INFORMATION PROVIDED:
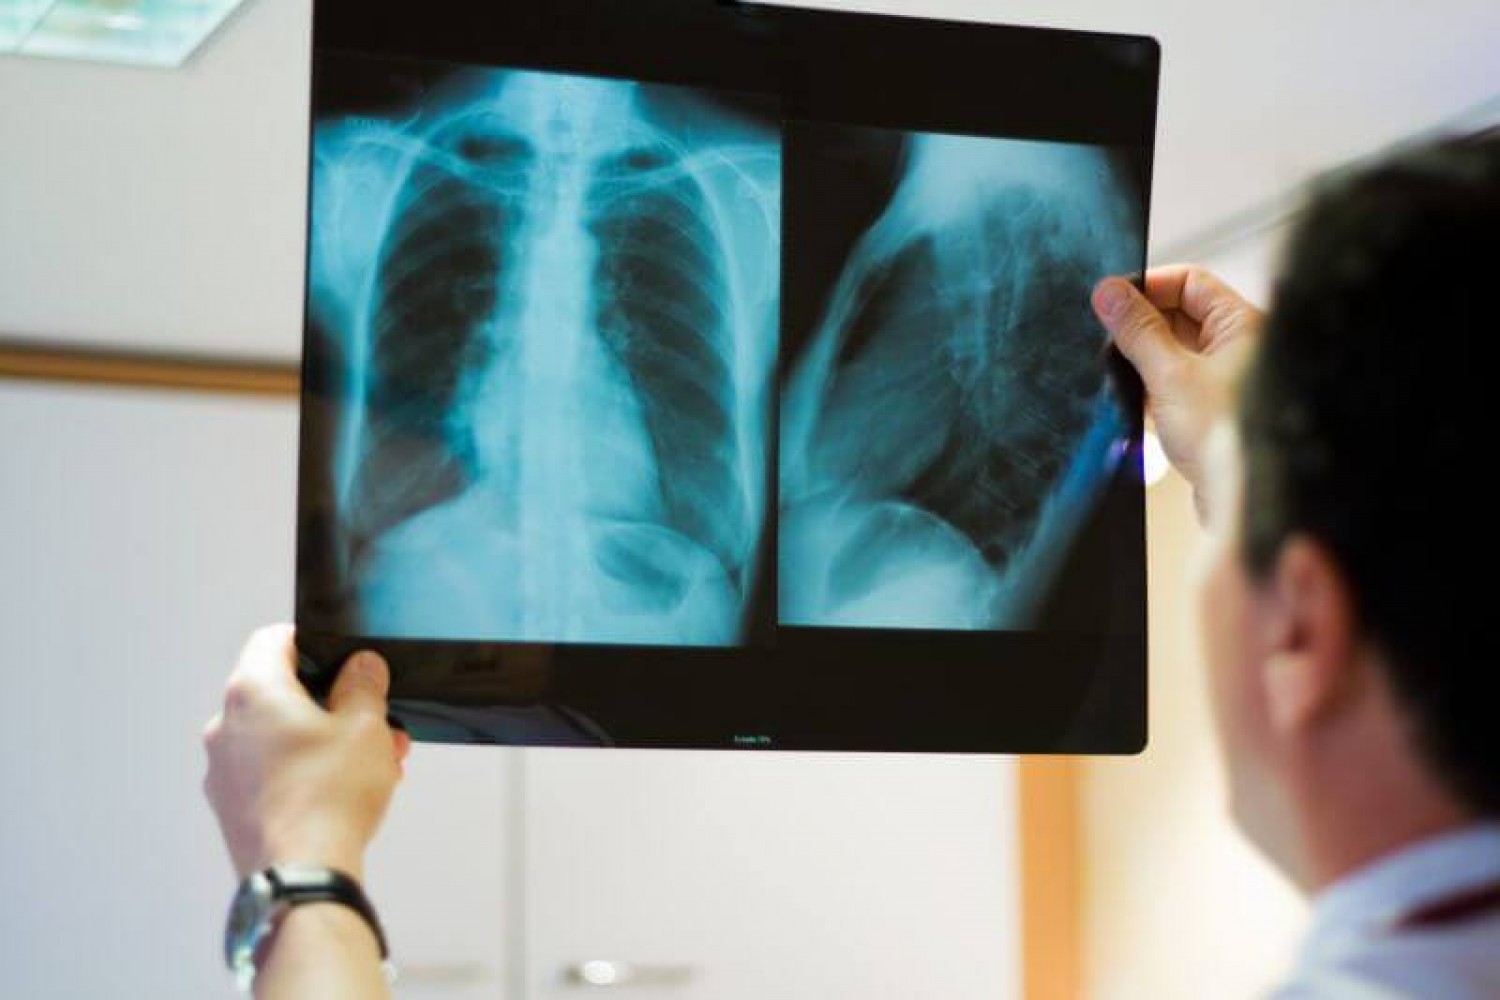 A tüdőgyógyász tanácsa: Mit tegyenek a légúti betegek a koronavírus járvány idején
---
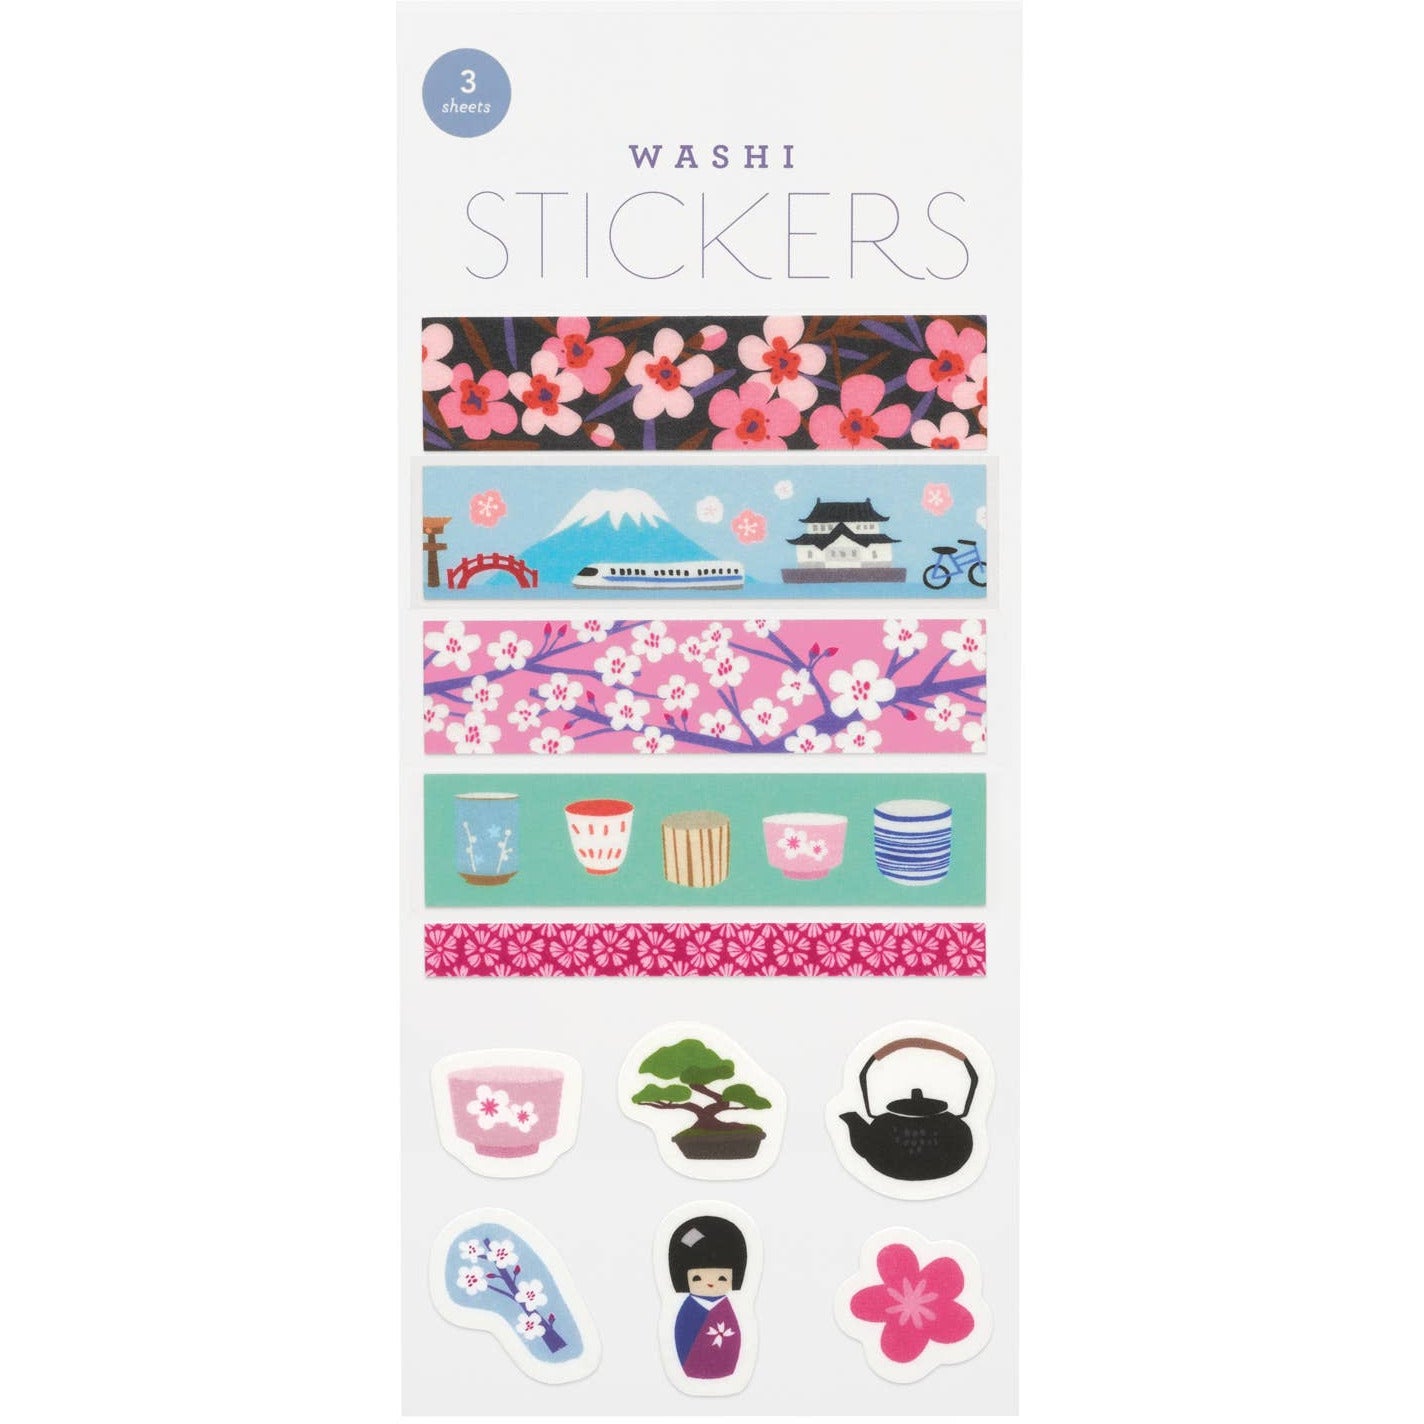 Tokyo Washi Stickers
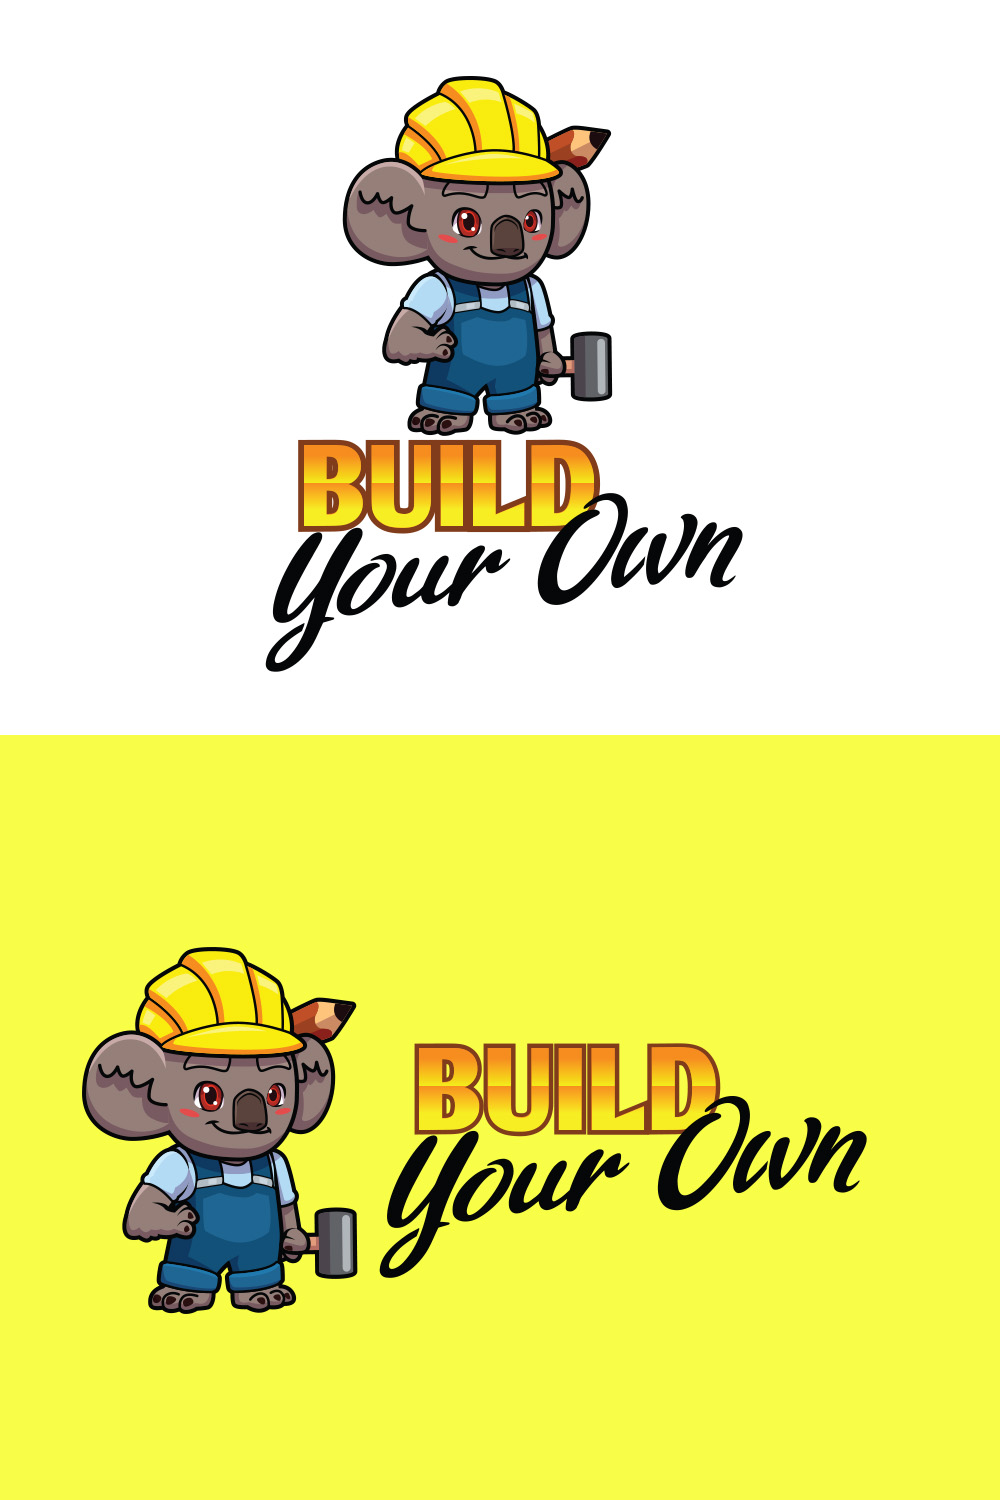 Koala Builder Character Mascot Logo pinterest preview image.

ABOUT THIS TASK: Only one part of the listing is wanted: the lines from the one containing "Tokyo Washi Stickers" through the one containing "Koala Builder Character", both included. Please transcribe it exactly, leaving out the pictures.

SOLUTION TO THE PROBLEM:
 Tokyo Washi Stickers
 Koala Builder Character Mascot Logo pinterest preview image.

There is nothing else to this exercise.